Le solaire photovoltaïque ferait-il peur ? Serait-il victime des lobbies de l’énergie partout en Europe ? En France, le gouvernement de François Fillon a plombé la filière via un moratoire et des appels d’offres dirimants. En Angleterre, le gouvernement de David Cameron vient de subitement baisser les tarifs de 50% en pleine concertation sous la pression des « Big Six ». Des réductions de tarifs jugées « illégales » par la Cour Suprême d’Angleterre. Ambiance !

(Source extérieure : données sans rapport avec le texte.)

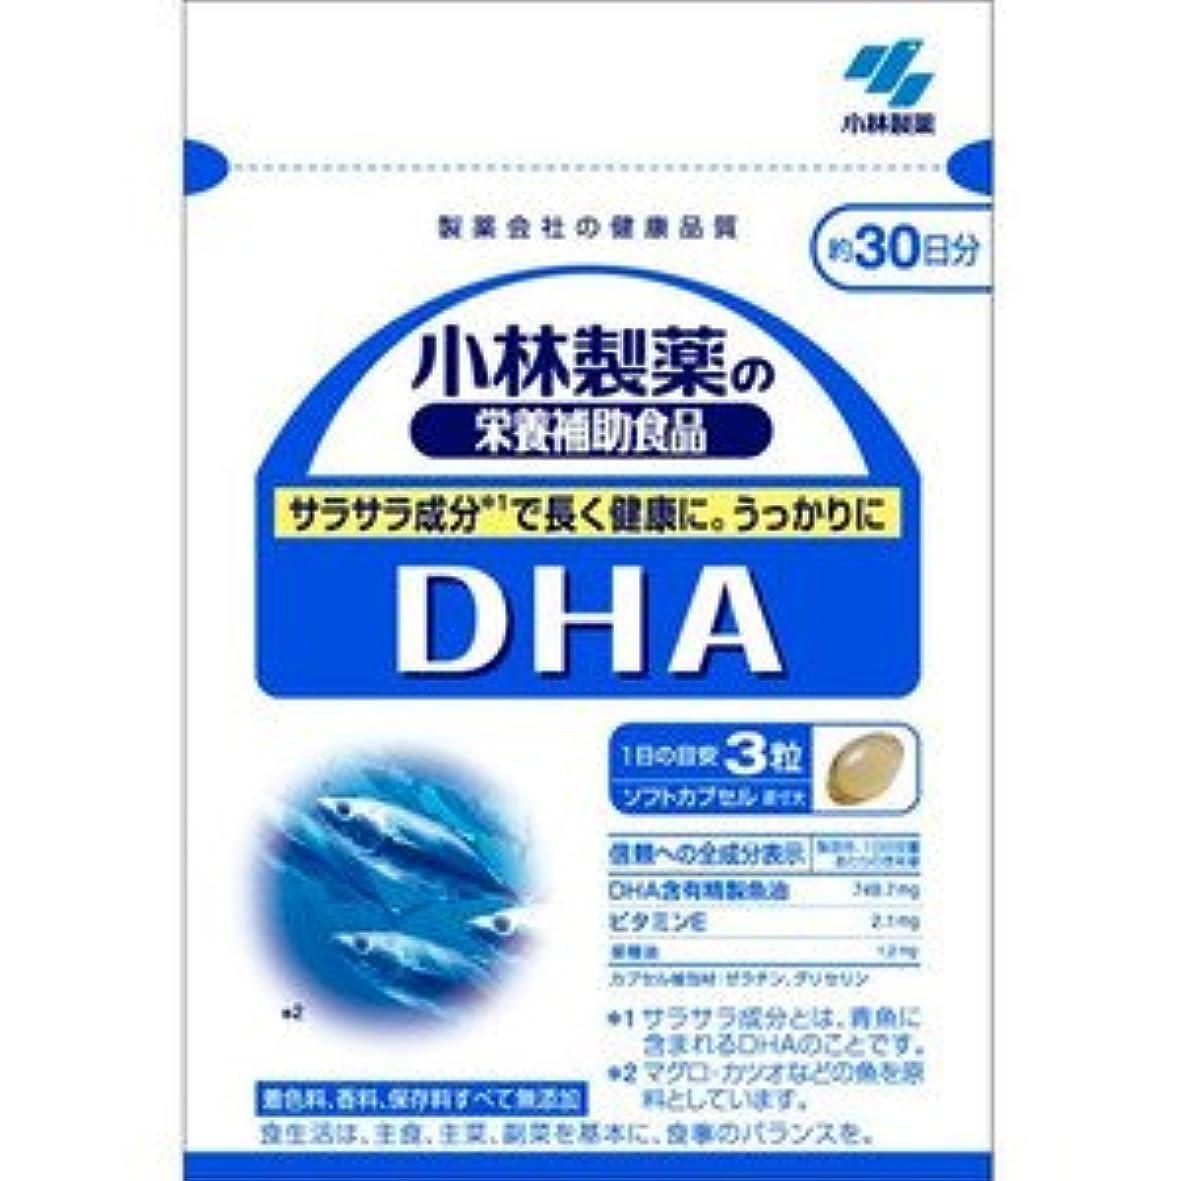 【小林製薬】DHA 90粒(お買い得3個セット)
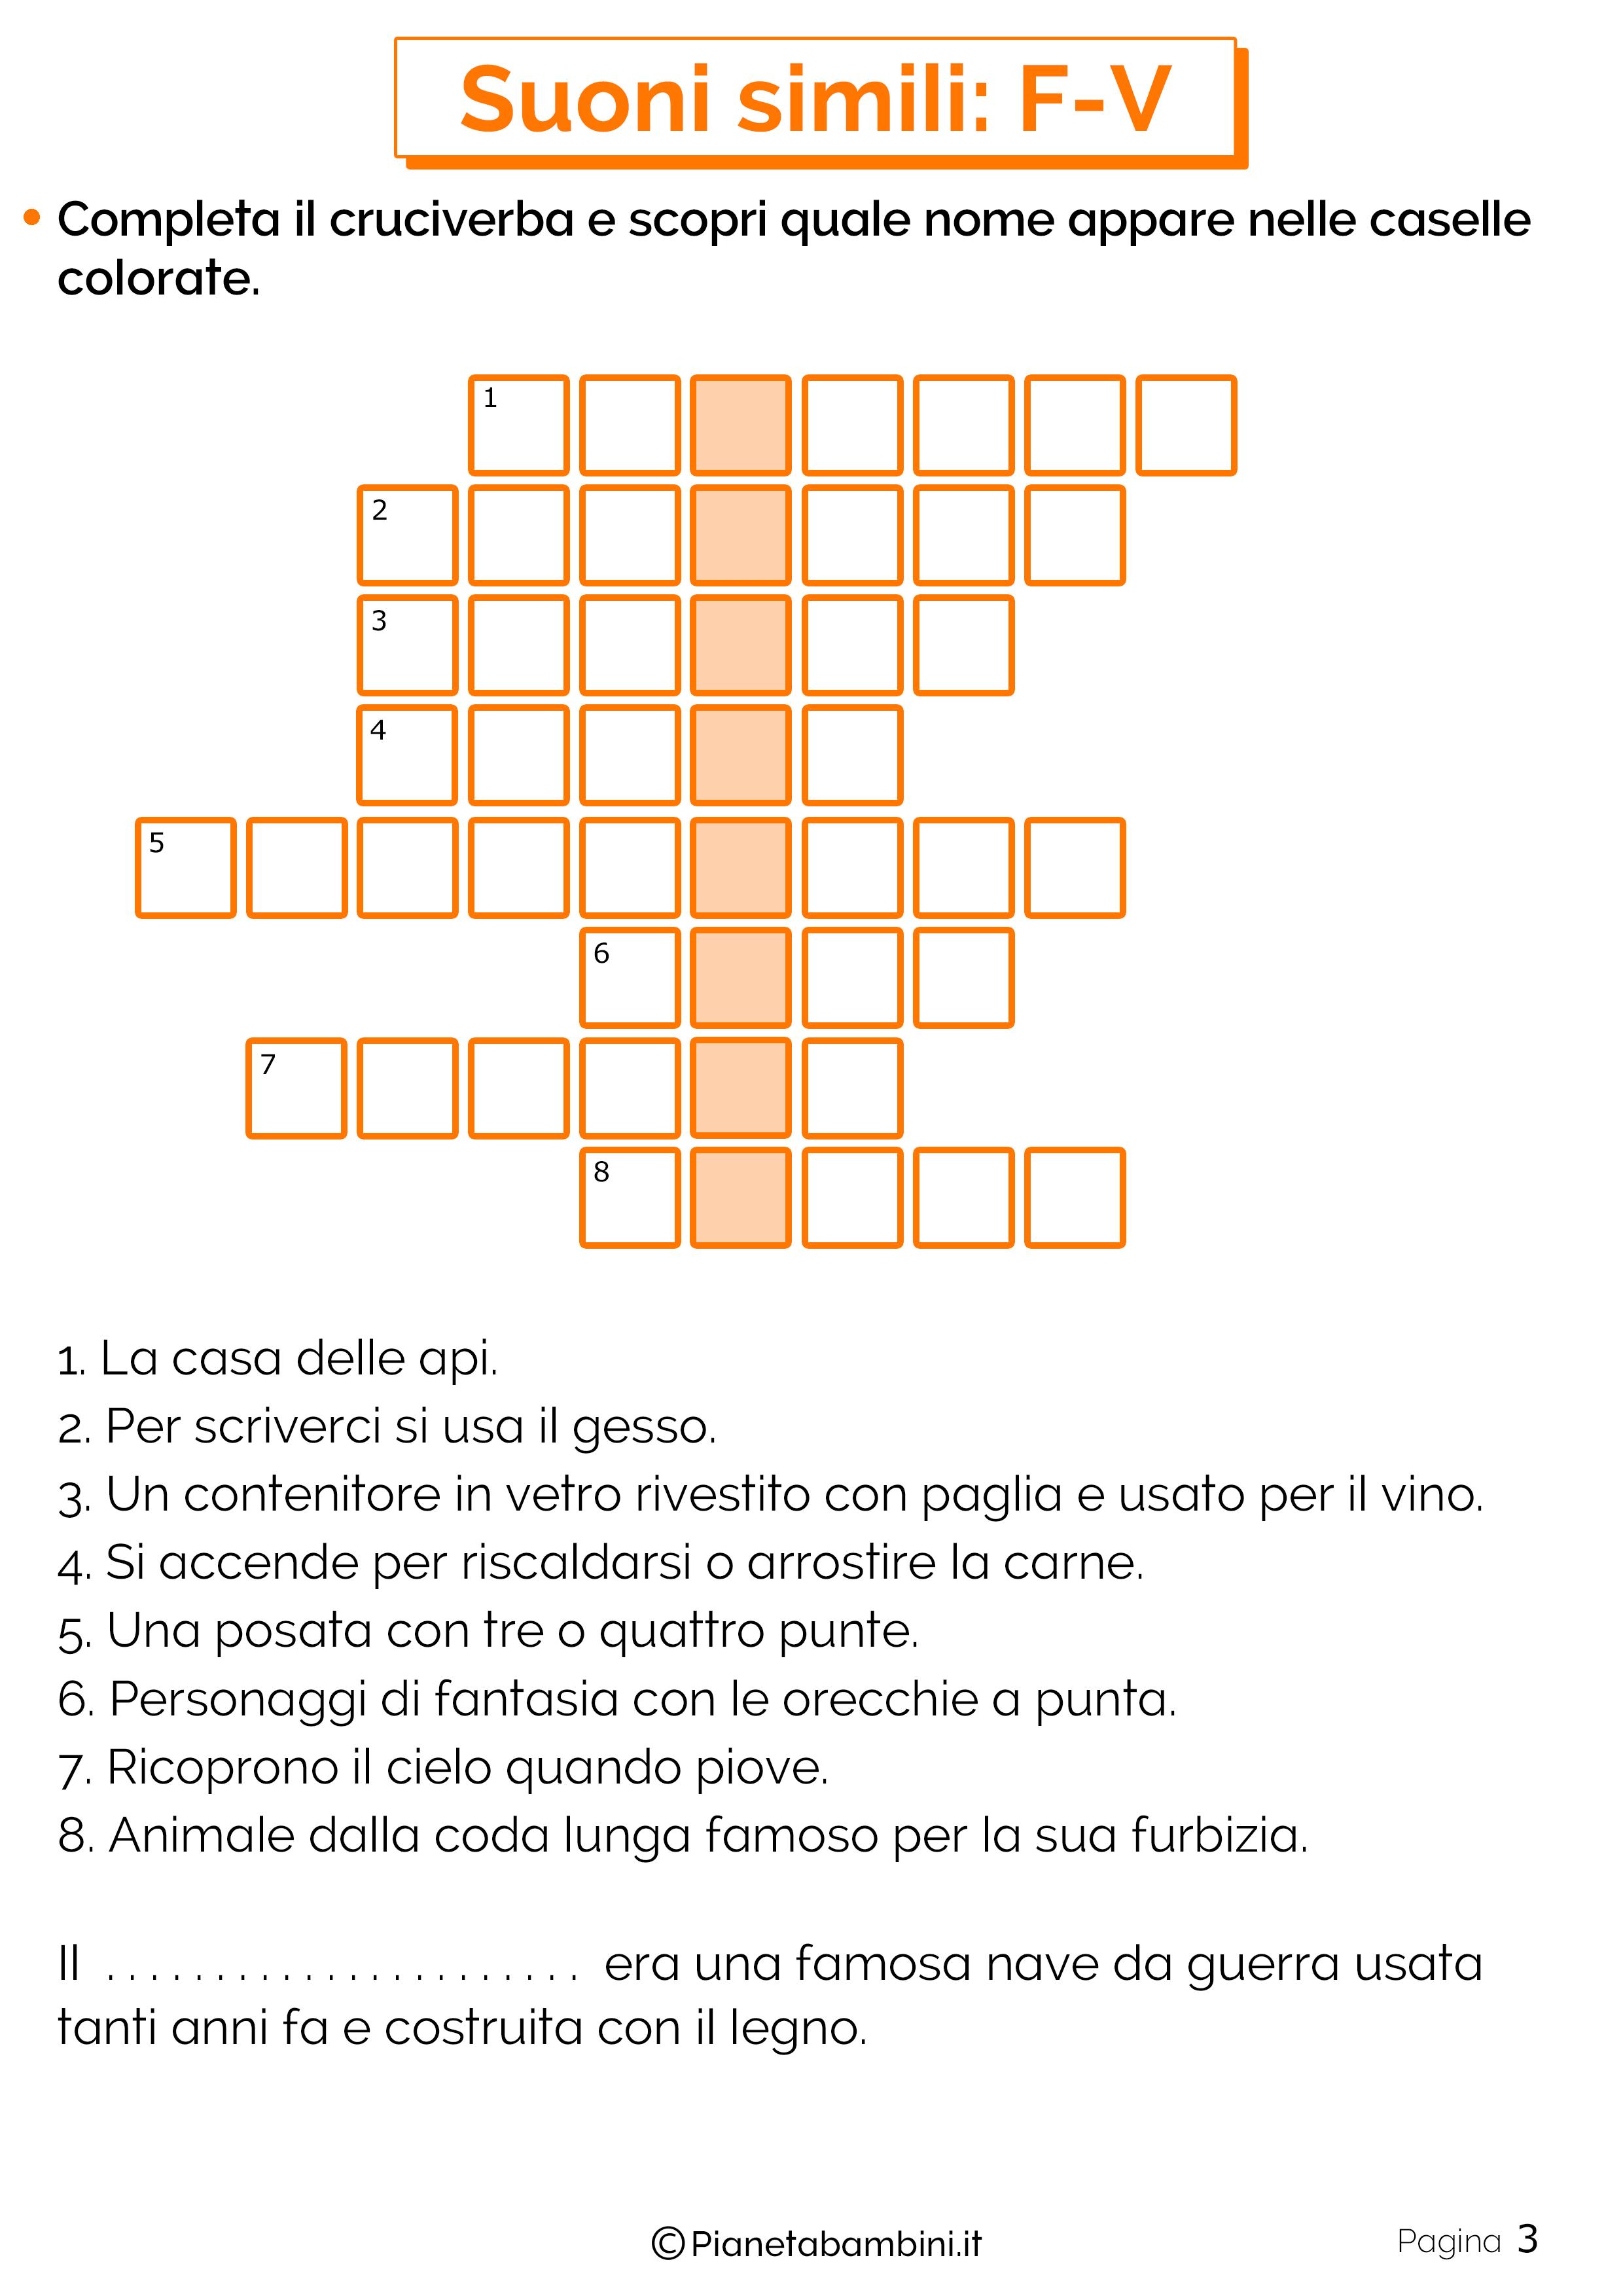 Schede didattiche sui suoni simili F-V pagina 3

Il n’y a hélas pas qu’en France que les acteurs du solaire photovoltaïque connaissent le chaos d’un changement brutal de législation. Outre-Manche, le gouvernement de David Cameron n’y est pas allé par quatre chemins. En avril 2010, il avait mis en place un tarif d’achat structuré différemment qu’en France à savoir sans tarif bonifié à l’intégration et surtout évolutif en fonction des puissances installés. Ce tarif s’échelonait de 43,3 centimes de livre sterling le kWh pour des installations de moins de 4 kWc en rénovation à 8,5 centimes de livre le kWh pour des installations au-delà des 250 kWh. Résultat, sur un an, du 1er avril 2010 au 1er avril 2011, 108,3 MW auraient été installés en Angleterre. Cependant, pour faire face à la chute du prix des modules et remettre les tarifs en adéquation avec cette nouvelle donne, le gouvernement a lancé au début de l’automne 2011, une large consultation pour faire entrer les tarifs dans une deuxième phase. Le terme de cette consultation démocratique était prévu pour le 28 décembre 2011.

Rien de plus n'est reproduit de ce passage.